Mais, à vouloir faire entre l’un et l’autre un départ aussi rigoureux qu’aujourd’hui, on se tromperait sans doute, car ce n’est pas au XVIIe siècle qu’appartient la malheureuse initiative d’avoir mêlé acteurs et spectateurs. Il y a des galeries du hourd, sortes de loges d’avant-scène réservées aux personnes de haut rang, mais il y a aussi des galeries du parc, qui dominent le parterre.

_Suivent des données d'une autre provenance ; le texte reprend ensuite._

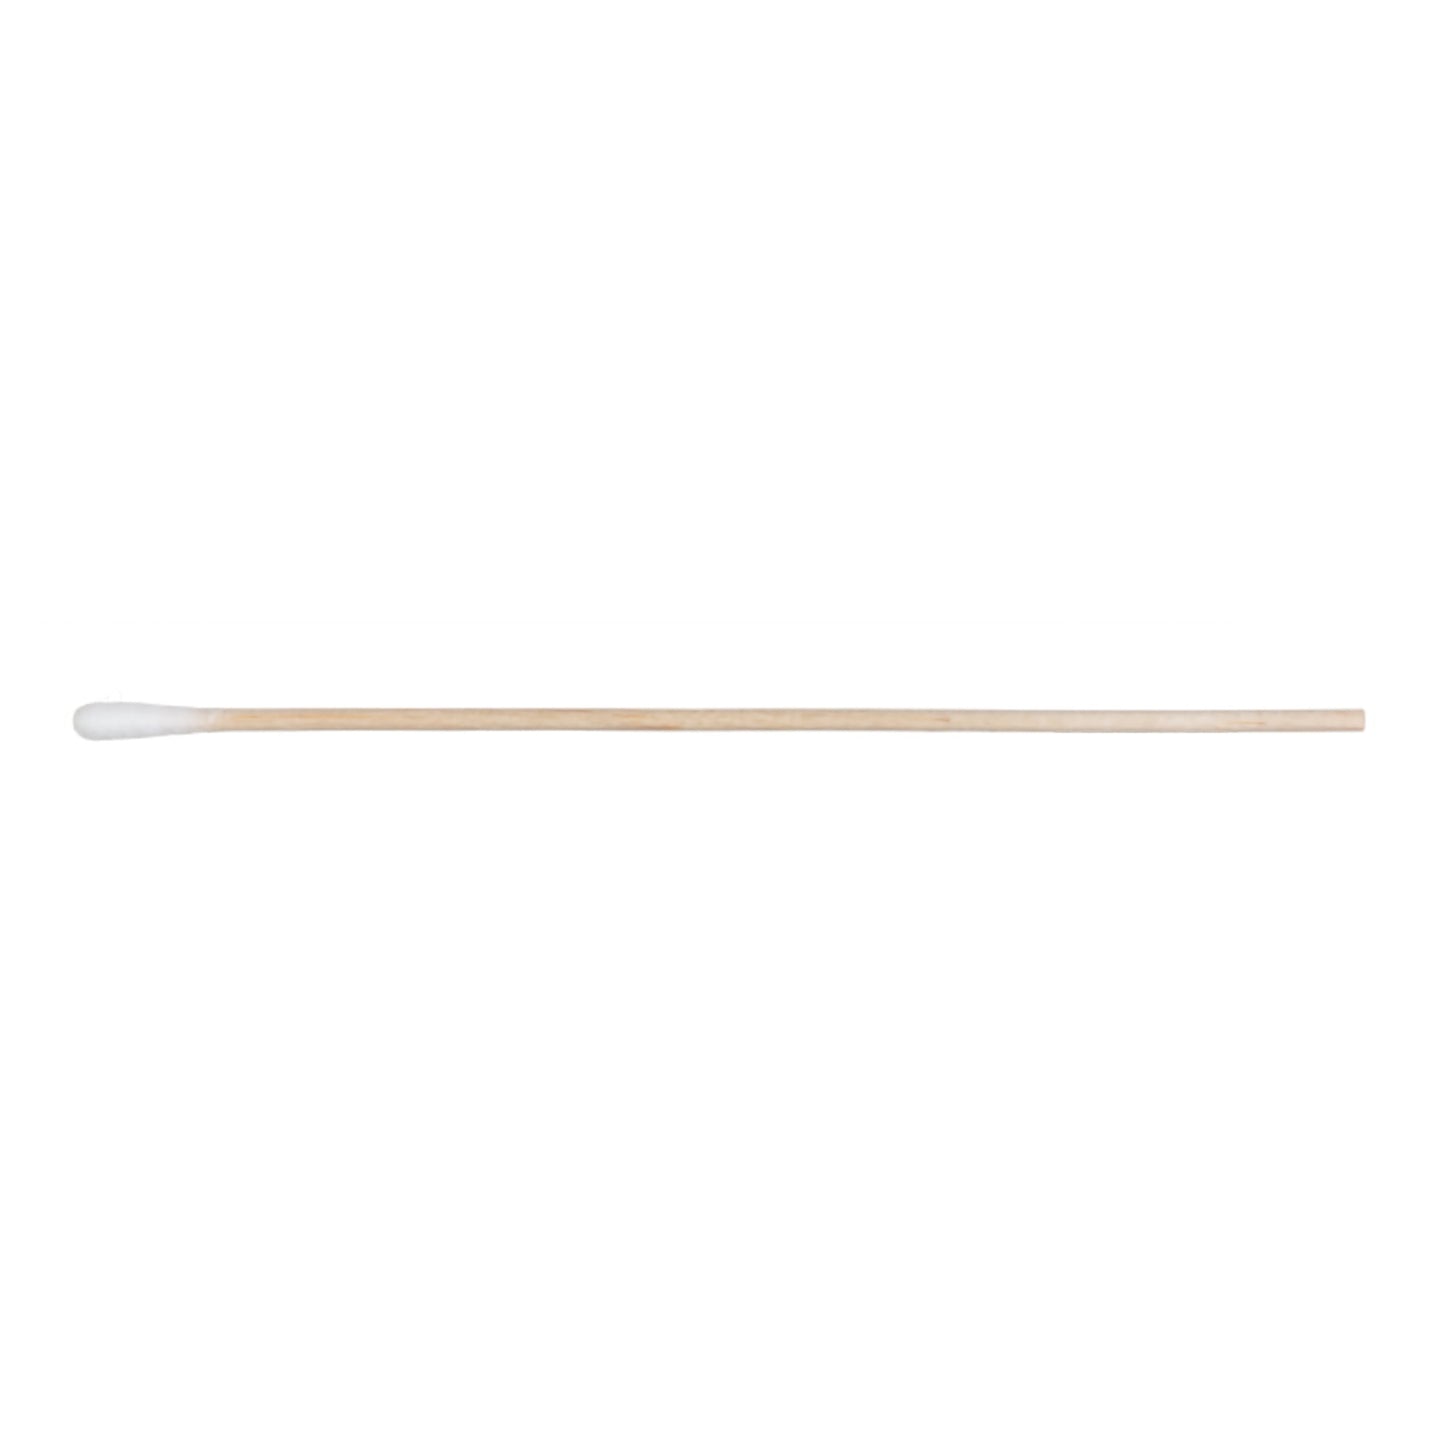 Puritan Cotton Tipped Wood Swabstick, Sold As 1000/Case Puritan 25-806 1Wc

Cette confusion de loges et de décors ne se retrouve-t-elle pas d’ailleurs déjà dans la miniature de Fouquet, qui est du milieu du XVe siècle et qu’on peut admirer au Musée Condé à Chantilly ? Ce peintre réaliste, voulant illustrer, dans le Livre d’Heures d’Étienne Chevalier, le Martyre de Sainte Apolline, a eu l’idée de nous le retracer au naturel, tel qu’un mystère le lui avait un jour représenté. Extraordinaire fouillis d’acteurs et de spectateurs. Le théâtre semble avoir eu la forme d’un cirque, héritée de l’amphithéâtre romain[1].L’intérêt se concentre sur l’arène, au milieu de laquelle la sainte, étroitement liée sur une planche, subit son horrible supplice : les bourreaux tirent sur les cordes pour lui écraser les membres, d’autres lui arrachent la langue avec des tenailles, tandis que l’un d’eux, abattant ses chausses, la honnit d’un geste grossier. L’Empereur, couronné, présidé, entouré de ses chevaliers ; derrière eux, on aperçoit, massée dans l’hémicycle, la foule du parterre, les groundlings comme on dit en anglais. Sans doute elle a dû s’écarter pour faire place au souverain, quand il est descendu, par une simple échelle du lieu ou mansion[2] qu’on voit au fond, et où son fauteuil royal est resté vide. À sa droite, et également sur ce premier étage de mansions, dont la plantation affecte un tracé polygonal, il avait la tribune des musiciens ; plus loin, toujours sur ce plan supérieur, un Paradis où trône Dieu le père avec ses anges. À sa gauche, au contraire, l’Empereur avait la loge des grandes dames, reconnaissables à leur hennin pointu, et, plus loin, celle des bourgeoises à chaperon plat. À côté d’elles, voisinage bruyant et dangereux, l’Enfer, face au Paradis, ouvrait sa

  1. On se servit souvent de vieux amphithéâtres pour y jouer des mystères, par exemple à Saint-Maixent et à Rome, au Colisée.
  2. Ainsi s’appelait le décor affecté à chaque scène ou épisode particulier. Mansion, est un doublet de maison. Qu’on songe à l’anglais mansion.